Что касается клубов, то их сейчас замещают неформальные молодёжные движения – они в основном являются источником досуга. В принципе, они выполняют положительную роль. Человеку, чтобы адаптироваться в современном мире, нужно обладать огромным количеством так называемых информационных навыков. И в таких неформальных объединениях молодёжь это получает. Но, опять же повторяю, там социализации нет.

– Но в клубах ведь тоже можно почувствовать себя самостоятельным, или, как сейчас говорят, «крутым». Например, в тренажёрных залах, где «качки» собираются…

– А как железные гири могут социализировать? В целом любительский спорт, конечно, влияет на характер человека, задаёт вектор поведения. Я имею представление об этом, поскольку сам мастер спорта по силовым единоборствам. Но настоящая социализация возможна только для тех, кто уходит в профессиональный спорт. Да и то временно – рано или поздно у профи наступает «дембель» со всеми вытекающими последствиями. Когда профессиональный спортсмен стареет и уходит из спорта, то это большая трагедия. Человек в одночасье просто выпадает из социума. Понимаете? Что есть социализация? Это встроенность в социум, когда человек имеет там собственное, всеми признанное место, придающее смысл его жизни.

Кто нас воспитывал

– «Новое поколение» – это всероссийская организация?

– Нет, сугубо питерская. Она и выросла из нашей петербургско-ленинградской педагогической школы, которая была заложена ещё Ушинским. Первый подростковый клуб для «трудных», кстати, тоже появился в Ленинграде, в 1963 году. Так что у нас старейшая школа. Сам я учился у педагога Алексеева, который был представителем этой школы, а теперь остался вроде как «последним из могикан».

– А чем школа Ушинского отличается от других?

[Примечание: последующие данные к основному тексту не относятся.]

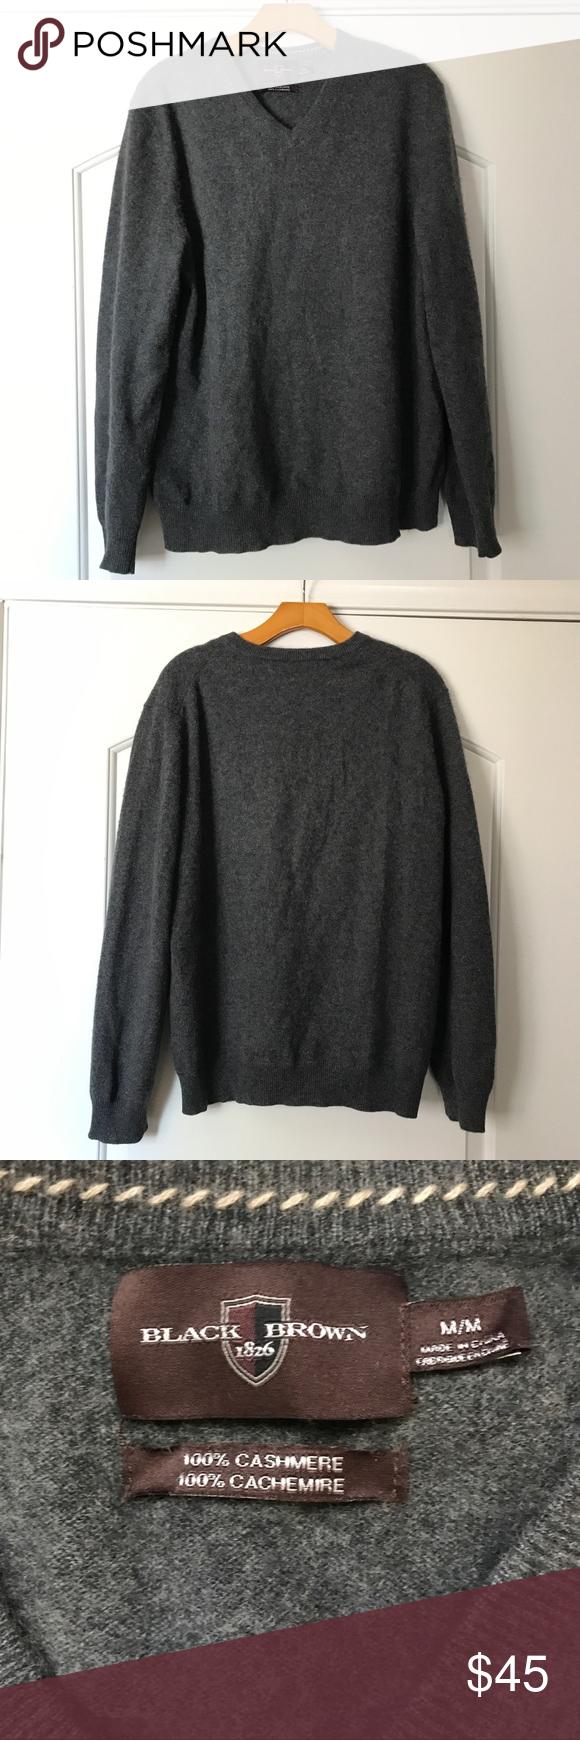 Black Brown 1826 Gray Cashmere V Neck Sweater | Soft fabrics ...
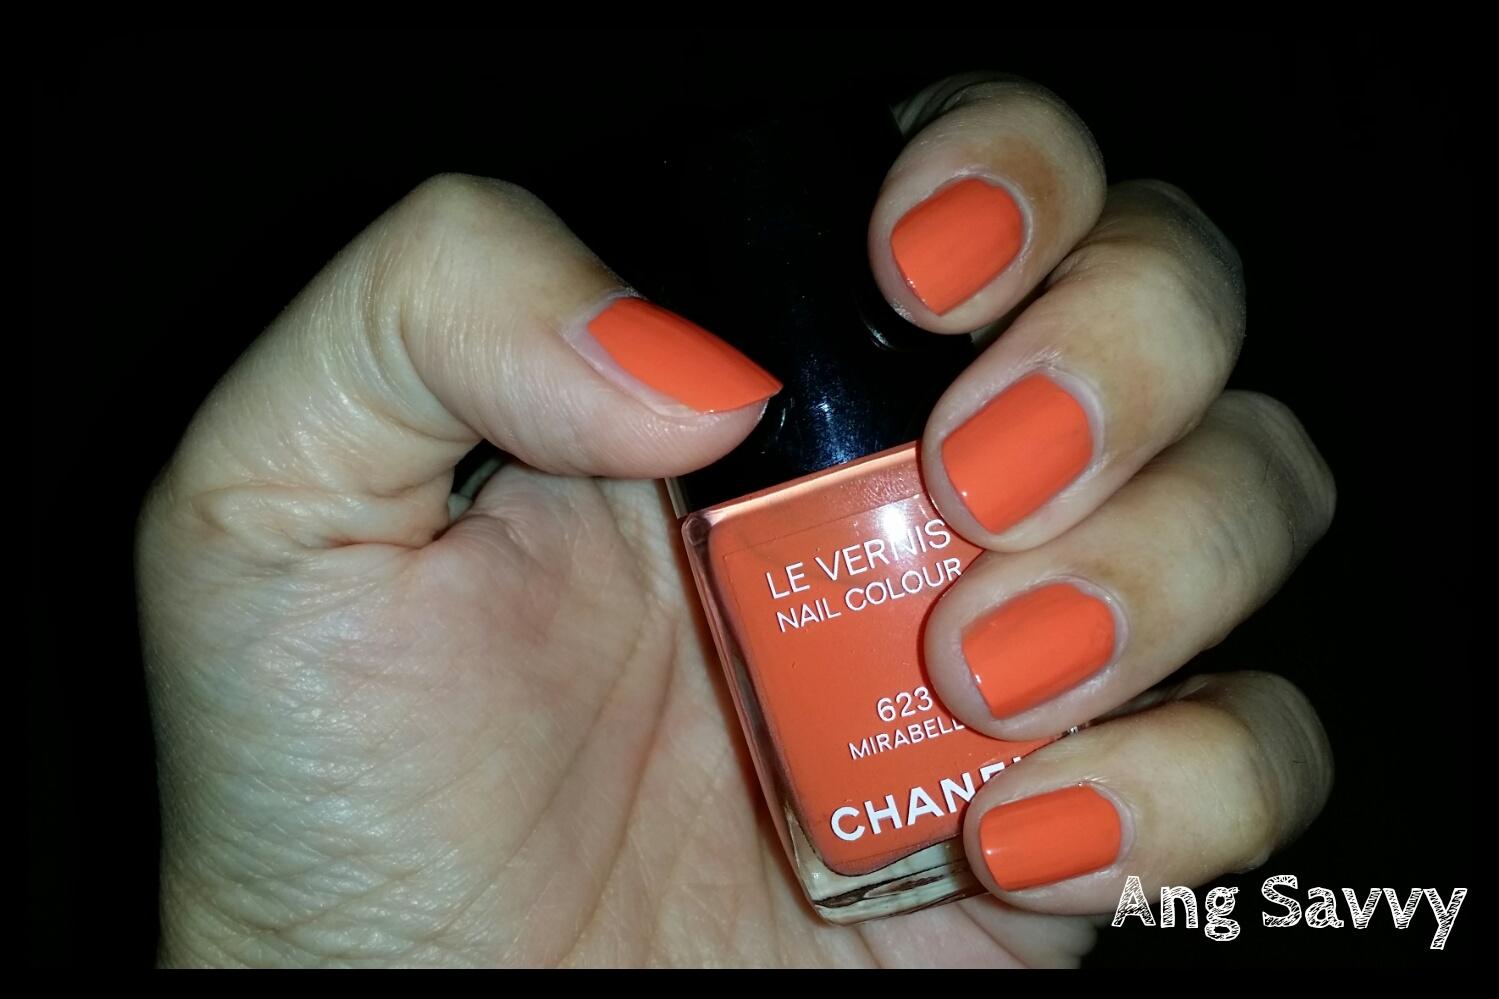 Chanel Le Vernis Nail Colour 623 Mirabella

– В отличие от школы Сухомлинского, она последовательно проводит идею, что воспитательный процесс и образование – это далеко не одно и то же. То есть утверждает, что в ходе школьного обучения невозможно кого-то воспитать, этим нужно заниматься отдельно.

– В советской школе, между прочим, воспитывали...

– А кто вас там воспитывал? Скажите, мне интересно.

– Ну, учителя, наверное.

– Вы в школе учились и общались там. А воспитывали вас родители, прежде всего. Конечно, воспитательный процесс в советской школе предполагался – но этим занимались комсомольские и пионерские организации, которые к образованию не имели отношения.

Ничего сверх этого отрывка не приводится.